Preventing Opioid Misuse and Potential Abuse Among Adolescents in Massachusetts Through a Parent Education Program
Author: Danny Vazquez, MD Class of 2019
Mentor(s): Julie Wilson, PhD
Over the past 15 years, families, communities, and individuals across the United States have been tragically affected by the opioid epidemic with more than 130 people dying daily from an opioid overdose, including children and adolescents. The opioid epidemic has also profoundly impacted the Commonwealth of Massachusetts, with the state among the top ten highest rates of opioid-related overdose deaths. In Massachusetts, this unfortunate loss of life results in a conservative economic burden estimate of $9.7 billion in lost productivity alone, without accounting for costs of treatment. Much of this is likely attributable to disability and mortality in young adults.
Adolescents who use opioids are significantly more likely to abuse opioids as adults, resulting in tragic loss of life and costs to society. Our report will outline recommendations to engage and educate parents and families in the prevention of opioid misuse in children and adolescents with the goal of reducing young adult misuse.
Massachusetts has already taken significant steps to curb the opioid epidemic with the development of numerous grant programs, evidence-based treatment and screening programs, an online repository of health resources, and the Governor’s Opioid Addiction Working Group. Most importantly, Massachusetts developed Project Here as an evidence-based prevention initiative to educate middle schoolers and give them the life skills necessary to make healthy life choices related to substance use.

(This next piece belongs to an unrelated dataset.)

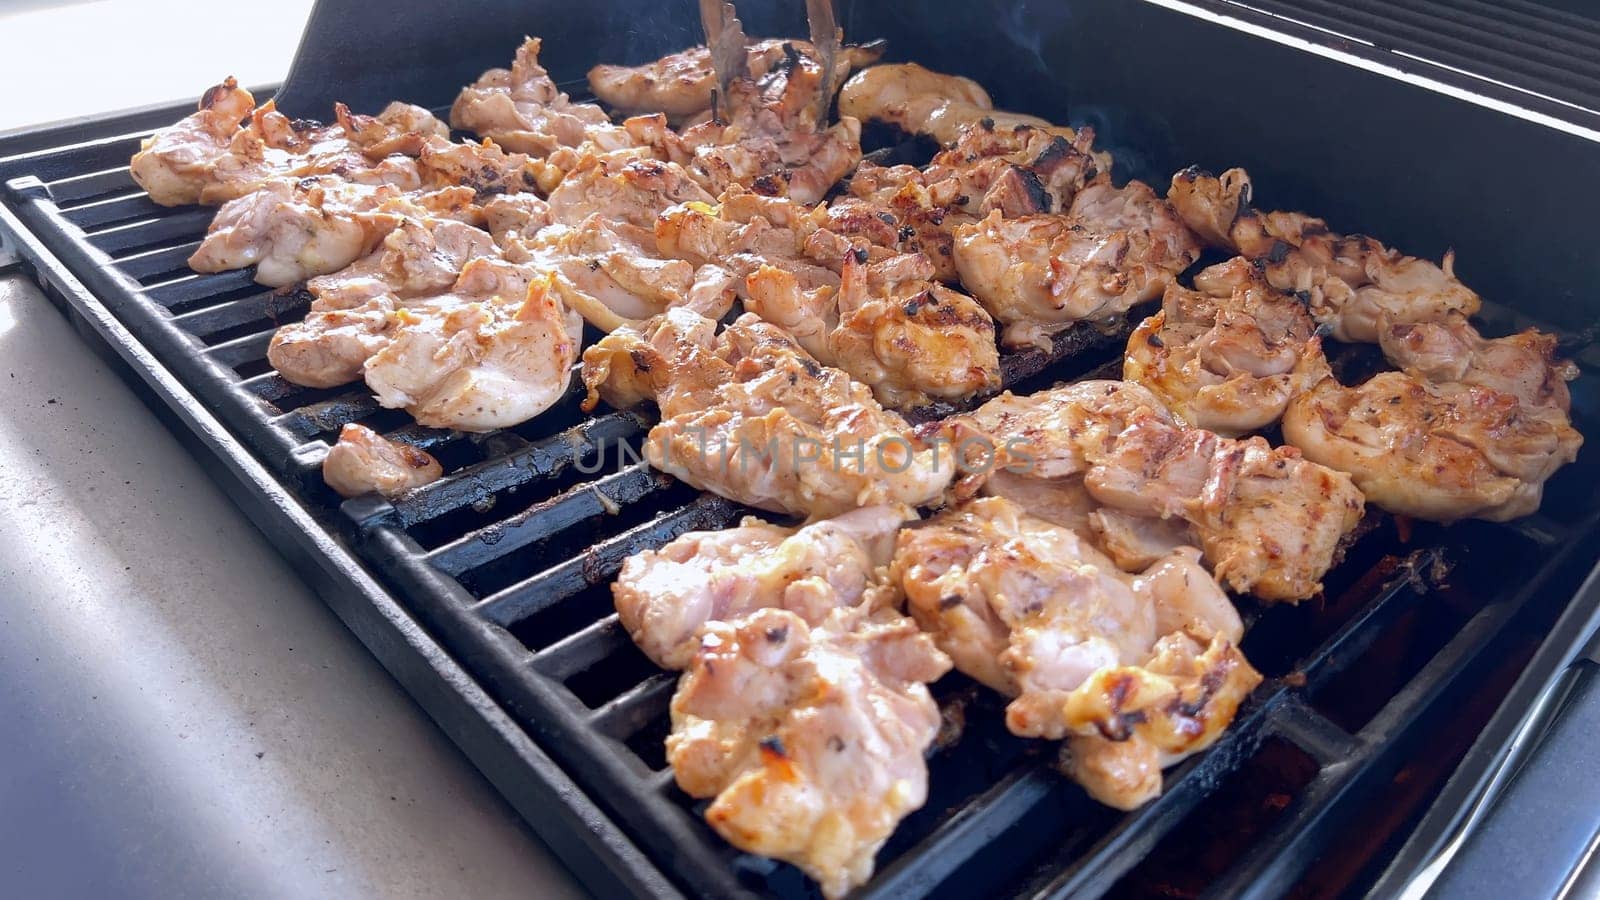 Grilling Marinated Chicken on an Outdoor BBQ Grill by arinahabich

Understanding that the brains of children are still developing and are vulnerable to both positive and negative influences, Project Here seeks to strengthen child habits to reject substance misuse consciously.
Despite the success of Project Here, no such education initiative exists for parents in Massachusetts. It has been demonstrated that strong parent support is a protective factor against youth substance misuse, which begins with educating parents on how to support their children. Thus, the Office of the Attorney General tasked us with producing recommendations for the development of a parent education program.